Fake TV Security Light

Fast & Easy Fake-TV Light module built for under $5; with enhanced features. With the use of this device you can go for holidays or on vacation leaving your home with a lived in appearance and thus an added layer of security. “I’m up and I am a night owl … or perhaps asleep on the coach in front of the TV, ready to be awakened.”

Fake TV Security Light

My project was inspired by this Fake-TV project. I decided for my project to simplify the hardware involved, minimize assembly and make the software more sophisticated.

This instructable is the results.

First I found a pre-built inexpensive module containing all the NeoPixels I desired. The original project hand wired up four. I choose a unit with seven LEDs. As I have a Large screen TV and thick drapes, I also increased, in the software, the maximum ‘On’ level driving the LEDs. If the unit is too bright to be effectively realistic in your use, you can lower the setting of ‘LED_BRIGHT’ and ‘LED_MIN’ in the software.

The unit is designed with a photocell so it only operates at night.

I made several Improvements of the simulation of a television’s light output during a typical TV show or movie. I put a fair amount of comments in the code explaining what was being done & why.

Step 1: Parts

The parts you’ll need are:

  1. Any Arduino MCU (I recommend: Nano 3.0) less than $3)
  2. NeoPixel WS2812 RGB LED Ring ($2) or string of say 4 to 10 LEDs
  3. a LDR Light-Dependent Resistor (Photoresistors)
  4. a 1000 ohm resistor.
  5. optionally some sort of container (e.g.)
  6. various equipment and tools (the usual stuff … PC, cables, wires, strippers …)

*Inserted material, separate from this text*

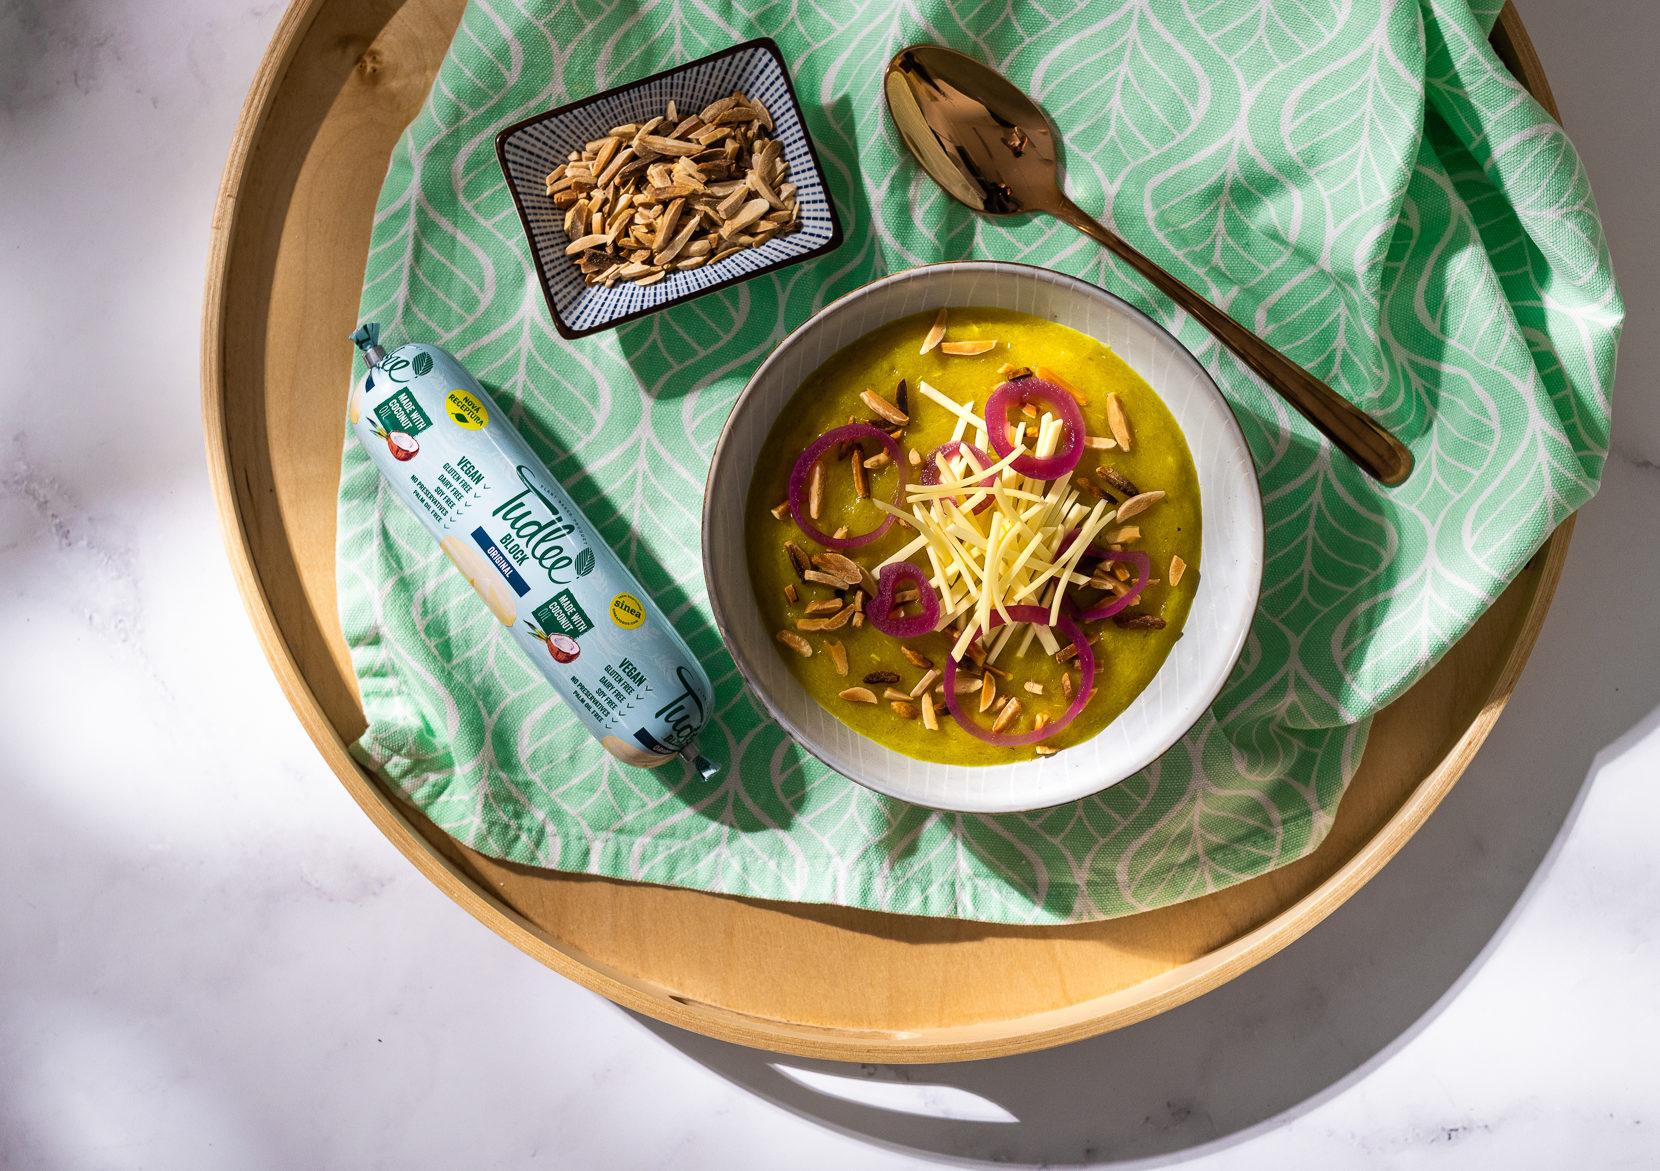 Cibulový krém sTudlee sýrem a praženými mandlemi

I have seen other project using NeoPixels in conjunction with capacitors. Presumably to eliminate erratic behavior. Erratic behavior on the part of the NeoPixels for the most part would be desirable in this application, so I have forgone the need for such capacitors.

As I see it additional variable resisters and switches can only provide marginal value to this device, while complicating fabrication and software implementation. So they are not used. On the other hand, you may need to change the software settings controlling the detection of night time, which activates the device. But this should be a one time adjustment. If desired the 1K could be replace with perhaps a 10K variable resisters.

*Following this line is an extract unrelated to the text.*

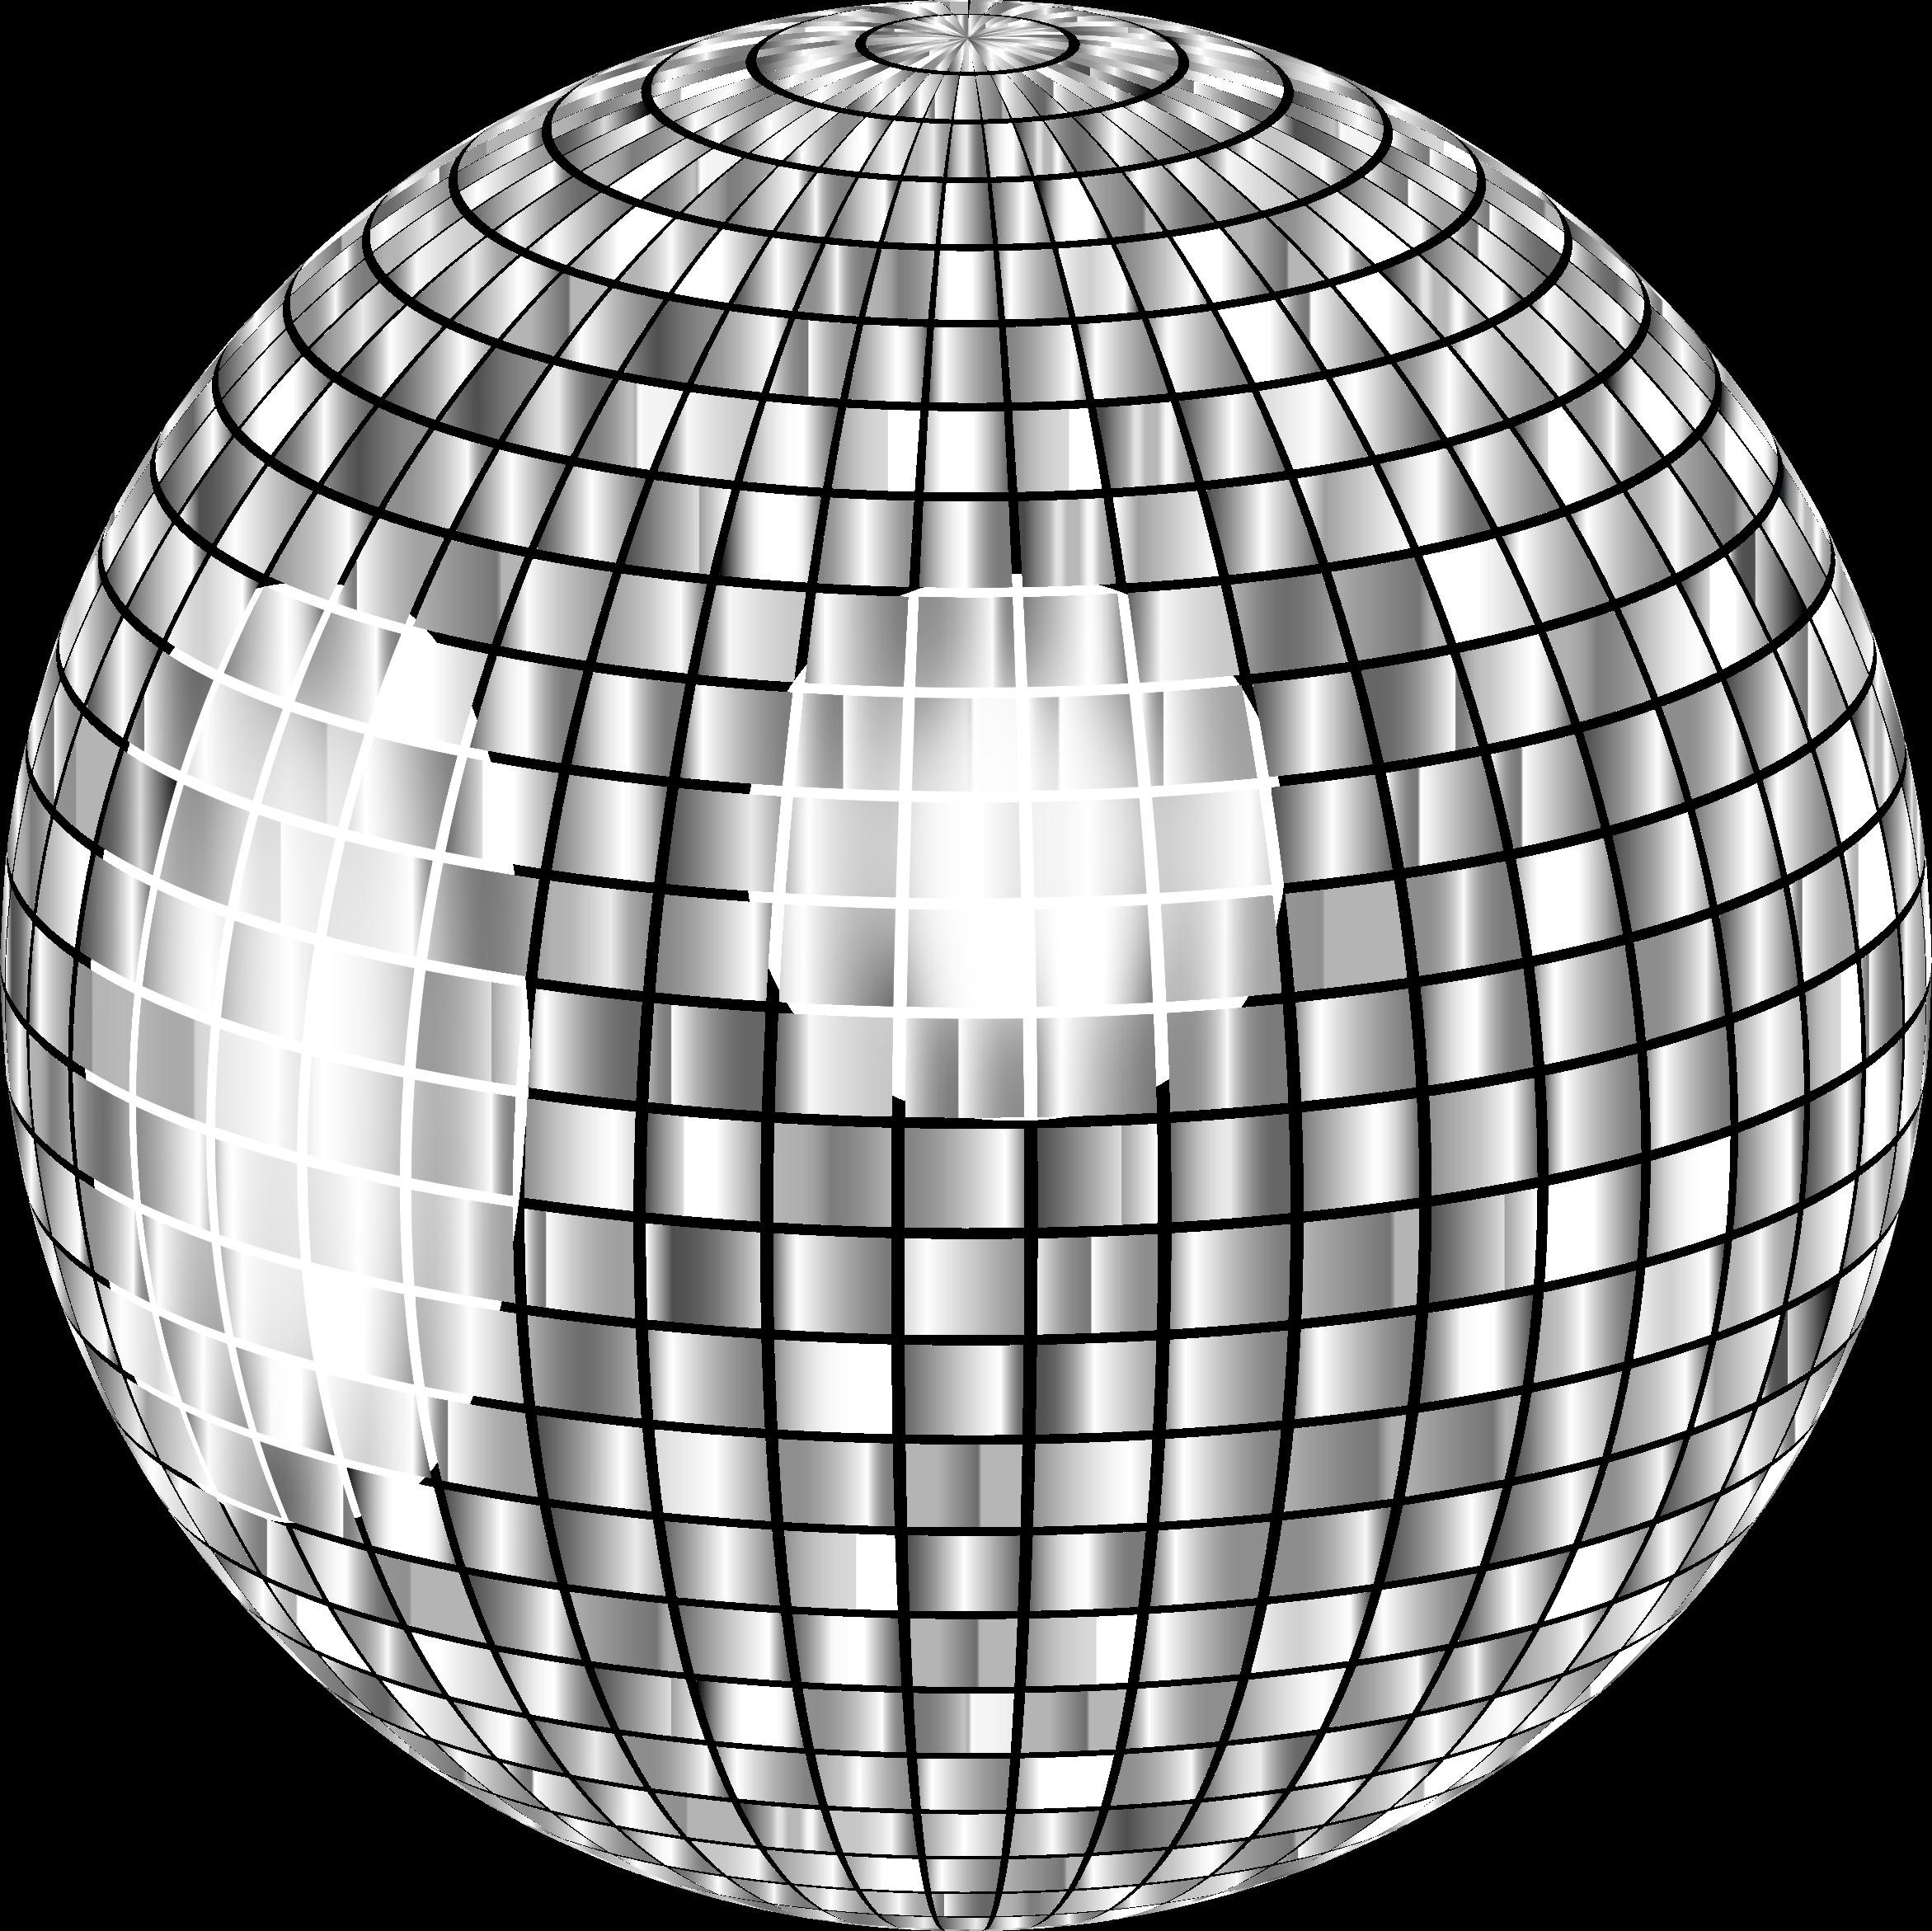 Disco disco ball

Here is a simplistic diagram of how these parts interconnect for this project.

Nano MCU pin

D12 ———- ‘IN’ on the NeoPixel module

V5 ———- VCC “

GND ——— GND “


V5 —- Photoresistor —- A1 —- 1K resistor —- GND

I use what ever USB AC adapter is handy to power my unit.

If, in your ‘I made it’ project you use more LEDs be sure your power supply can handle it. Each of the 3 LED segments in a NeoPixel can use up to 20ma. So that 60ma per NeoPixel. I then need 7 times that to power my light output (i.e. 420ma). A 1A USB AC adapter will handle that easily. That current will only go through a large diode on the Nano board and out the V5 pin. This too will be fine.